А полковник быстрым широким шагом уже подходил к домику – все в той же парадной форме, в которой был на приёме у наместника, в таких же запыленных сапогах и при оружии. И сейчас казалось, что вот оно – то, что необходимо ему, как воздух! Потому что хотелось убивать или… хотя бы шлюху, раз уж Клодин сегодня не случилось.

– Свободен пока, – буркнул он часовому и распахнул дверь в Домик. Напряженно вгляделся в темноту и нечаянно прислушался, тяжело втягивая носом воздух. Но внутри было слишком темно и тихо, а все посторонние запахи забивал аромат его духов, насквозь пропитавший мундир. А вот девка, похоже, спала. Так даже лучше – решил он и отложил в сторону палаш и кавалерийский пистолет. Глаза слегка приспособились к темноте и полковник уже различал кровать. Даже видно было, что на ней кто-то лежит. Прошел и, остановившись рядом, раздраженно дернул застёжку штанов, выпуская на волю напряженного уже «семейного миротворца». Вспомнил молодую жену, тупо повторившую эту, подслушанную где-то модную глупость, и раздражения прибавилось.

Даже дыхания девки слышно не было… затаилась? Ведет какую-то свою, завлекающую игру? Происходящее было ново для мужчины – он никогда не пользовался шлюхами и это обещало новые ощущения. Нашарив и задрав юбку, он нашел низ живота женщины, поросший волосками и, раздвинув послушные ноги, резко вошел… Дальше все происходило мимо всяких мыслей и рассудка. Да его и хватило-то едва на два десятка движений, а потом тело, а вместе с ним и мозг затопило яростно кипящей лавой удовольствия. Шлюха что-то бормотала и пару раз взволновано вздохнула… Полковник разочарованно отвернулся, поправляя одежду. Возбуждение быстро уходило. Comsi Comsa… ничего особенного, не стоило того…

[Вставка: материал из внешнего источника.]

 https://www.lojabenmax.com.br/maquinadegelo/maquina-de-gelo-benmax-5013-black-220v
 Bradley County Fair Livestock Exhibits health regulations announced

Покидая домик, он уже сожалел о глупом порыве. Однако же сознавал, что ярость, терзавшая его на протяжении почти полудня и вызывавшая рвущую затылок и виски головную боль, поутихла. Казалось, он весь успокаивался вместе с бешеным биением сердца, которое ожидаемо приходило к норме после соития.

– Ни слова никому! – велел он часовому, прохаживающемуся невдалеке от домика: – И Гарреля ко мне завтра… рано утром. Никого не пускать сюда! – добавил зачем-то, с гадливостью представив, как после него…

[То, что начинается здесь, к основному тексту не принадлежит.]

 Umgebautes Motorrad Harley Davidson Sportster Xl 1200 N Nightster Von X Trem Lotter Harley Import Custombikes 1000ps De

– Слушаюсь – ни слова никому и не пускать! Гарреля – к вам поутру!

Дав указания на утро еще и адъютанту, он с отвращением скинул пыльный парадный мундир и исподнее, свернув все вместе. Натянув чистую одежду, выложил комок в адъютантскую.

– Лейтенант… прошу вас отдать мундир в стирку, возможности переодеться в Безансоне у меня не было. Не сочтите за труд.

– Непременно, мсье полковник, я отдам распоряжение, – коротко поклонился адъютант.

Засыпая, граф думал не о наместнике, а о том, что произошло только что. И уже считал, что отвлечься таким образом, наверное, все же стоило. Ощущения в Домике были незнакомыми для него. Ни с Генриеттой-Луизой, ни с Клодин он не позволял себе грубости или небрежного обращения. Но здесь изображать нежность… именно что изображать не было нужды. И необходимая ему разрядка была достигнута безо всяких усилий. А благодаря новизне ощущений, наверное, она все же получилась необыкновенно яркой. Взглянуть на девку завтра стоило и сразу же – отправить вон из лагеря. Она только появилась, а служба уже катилась к чертям, о чем говорило офицерское сборище в командирской палатке. Сквозь наплывающий сон чудилось мягкое женское бормотание – неразборчиво, скудно… будто даже на чужом языке. И вздохи – не тяжелые, чувственные, а сонные… Она что – на самом деле спала?

Утром состоялся разговор с Гаррелем и потихоньку обрисовалась картина неприглядная… В свете случившегося, и если оно станет достоянием гласности… Он сам не знал, что чувствовал сейчас.

– Адъютант!

– Да, мсье полковник?

– Надеюсь, что все офицеры, вчера здесь присутствующие, понимают, что случившееся – досадное… нет – просто непростительное и даже преступное недоразумение. И виноваты в этом вы, поскольку ввели меня в заблуждение. А если бы я поддался ему и случилось… самое страшное?